Однако с приходом нового века точка зрения постепенно меняется, и окончательный перелом наступает после Первой мировой войны. Нервозность, поскольку она не была выражением дегенерации, стала считаться безобидной. Здоровый человек теперь был уверен в том, что при любой нервозности он неуязвим для безумия. Собственная нервозность помогала оправдать свое неприятие людей с тяжелыми нарушениями. Осознание подверженности нервным расстройствам, изначально порождавшее сочувствие к душевнобольным, стало мотивом для изгнания «психов» из поля зрения (см. примеч. 72).
Неврастения и пол
Каким было отношение к женщине в дискурсе нервов?

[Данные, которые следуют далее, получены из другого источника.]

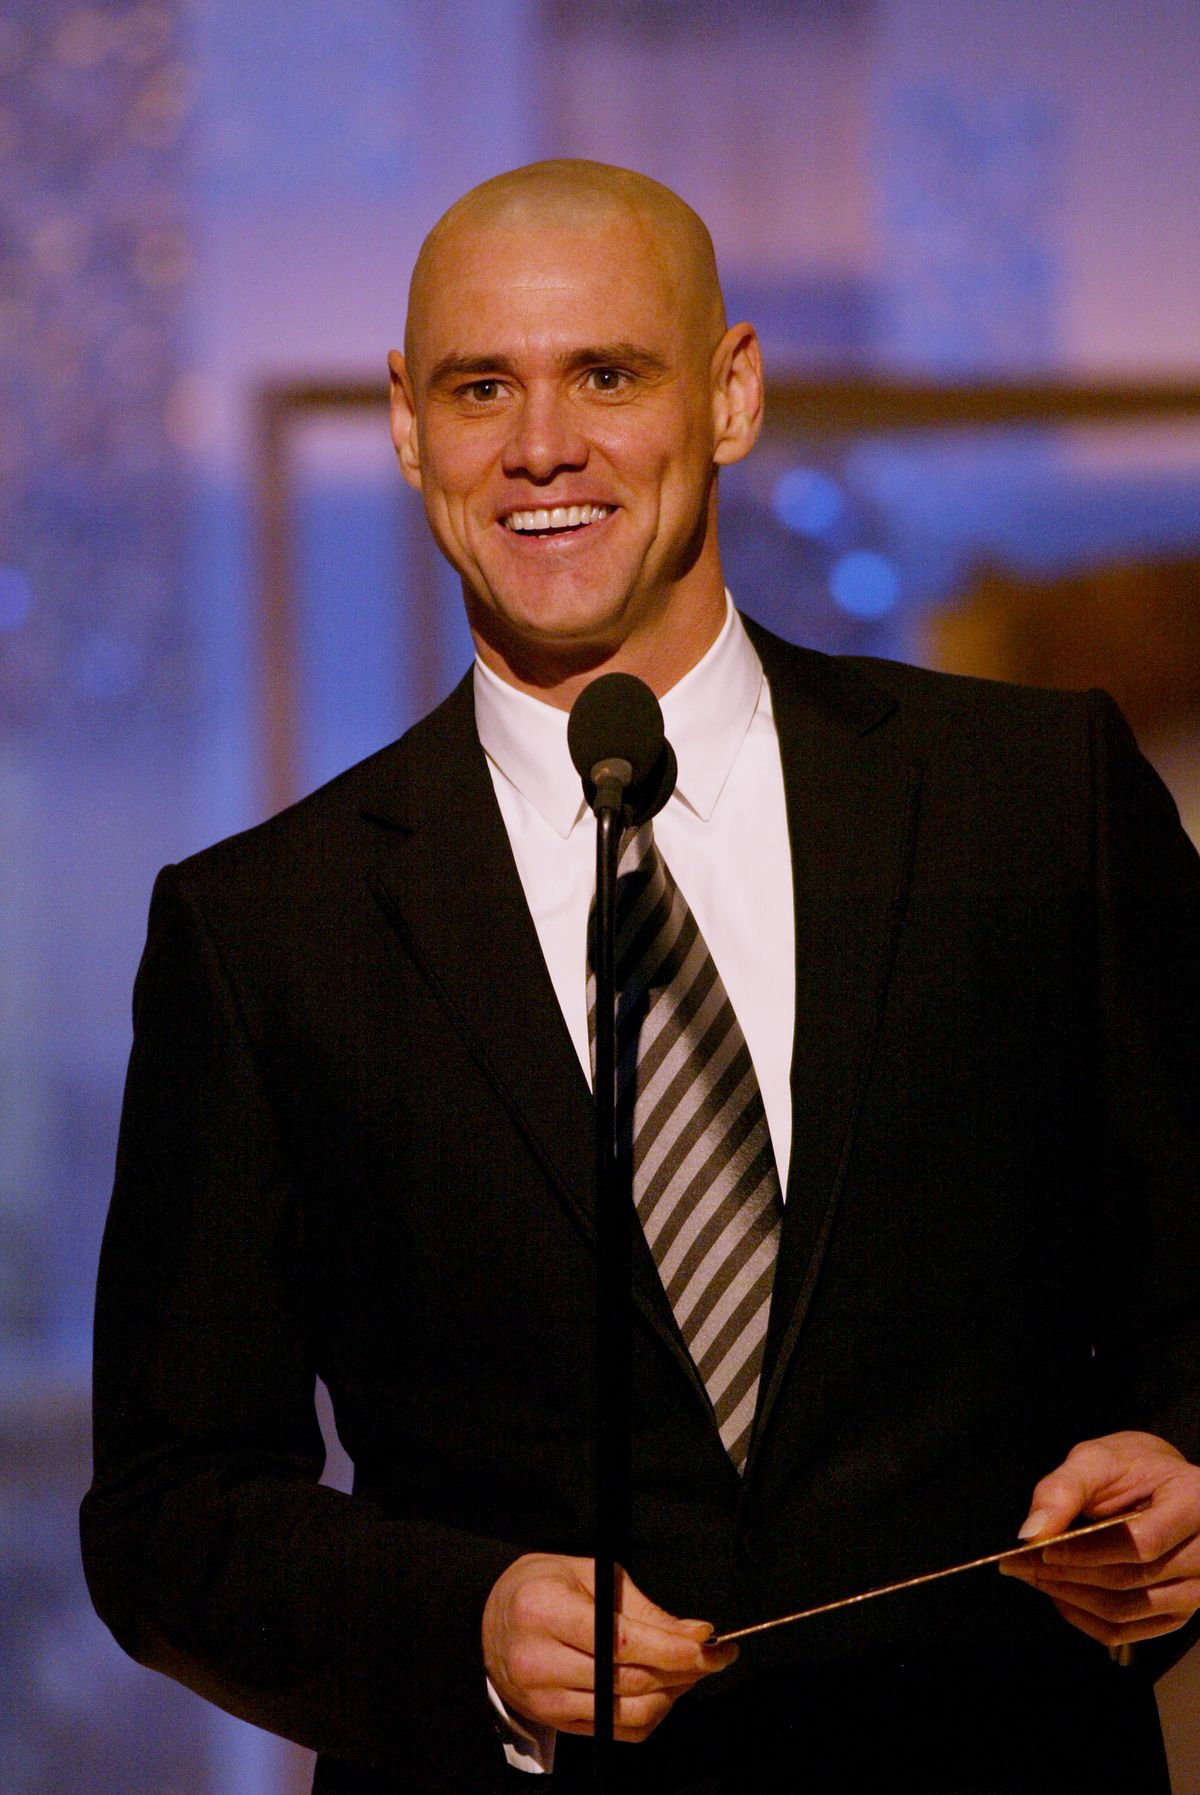 61st Annual Golden Globe Awards - Show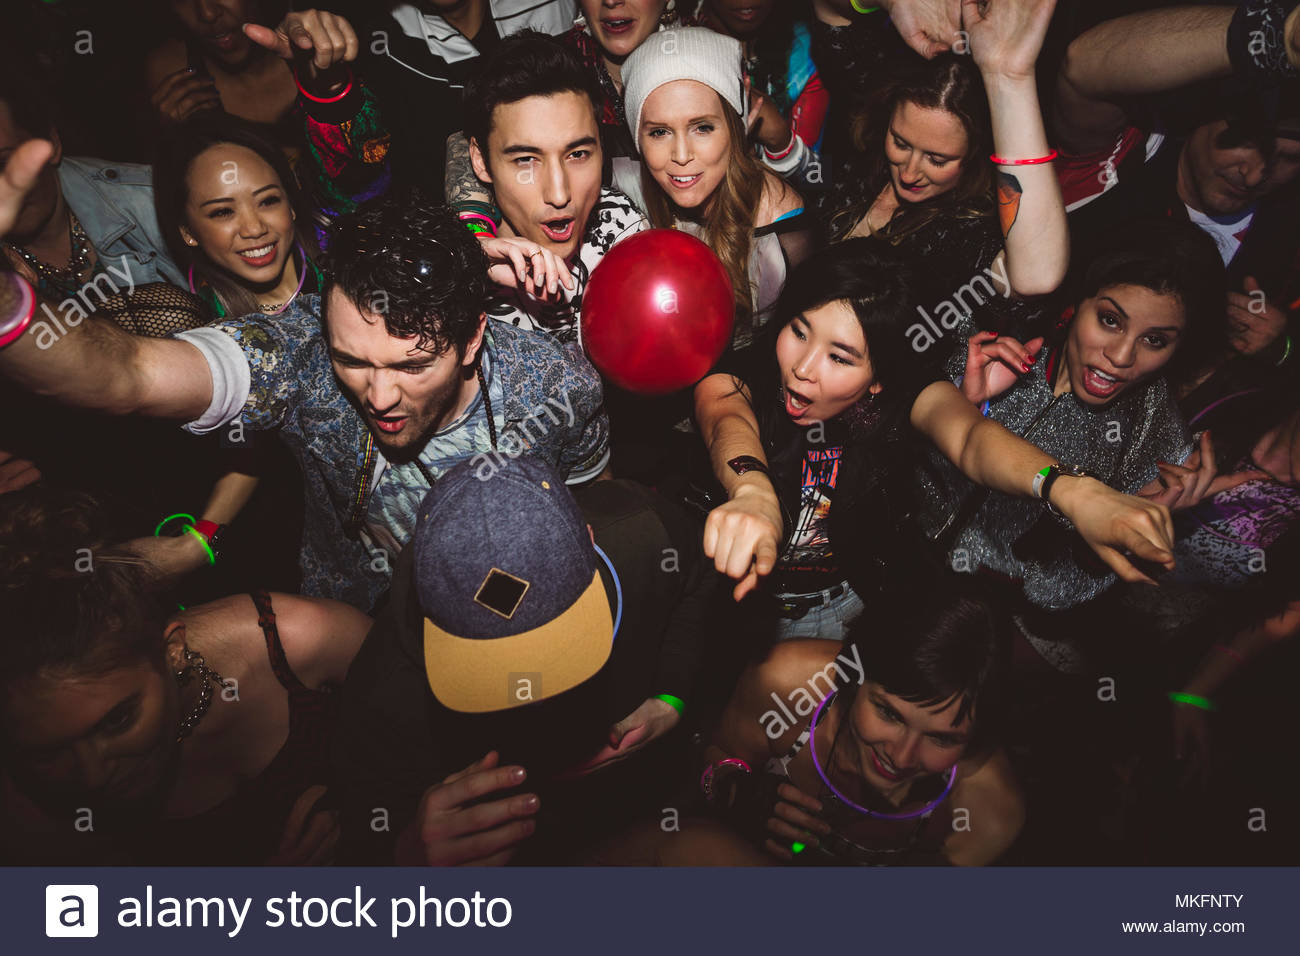 Sorglos milennials Tanzen, Feiern in der Diskothek Stockbild

Известнейший неврологический труд на итальянском языке, «Нервный век» Паоло
Мантегаццы[116] (1887), начинался с описания двух типичных невротиков мужского и женского пола. Оба образа карикатурны, их имена – Тито Нервозетти и Нервина Конвульси. Но если мужчина описан с юмором, то женщина – скорее злобно. Тито Нервозетти, высокопоставленный банковский служащий с чертами ипохондрика, подвержен маниакально-депрессивным сменам настроения, однако все же сохраняет работоспособность и каждый свой нервный трудодень заканчивает яичным пуншем и пребывает в отличном настроении. Ярко выраженная истеричка Нервина Конвульси, в отличие от Тито, – божеское наказание для окружающих. Уже до обеда она успевает 10 раз упасть в обморок, чтобы вскоре очнуться, и половину дня занята тем, что постоянно что-то ест и сразу же извергает съеденное обратно. В сегодняшних терминах – случай нервной булемии. Ни Тито, ни Нервина не похожи на то, что понималось под неврастениками в США и в германоязычном пространстве. Еще Бирд полагал, что романские католические народы не знакомы с неврастенией как массовым явлением, и Мантегацца, объявивший себя не только в высшей степени итальянцем (Italianissimo), но и невротичным ипохондриком, в итоге вынужден с ним согласиться (см. примеч. 73).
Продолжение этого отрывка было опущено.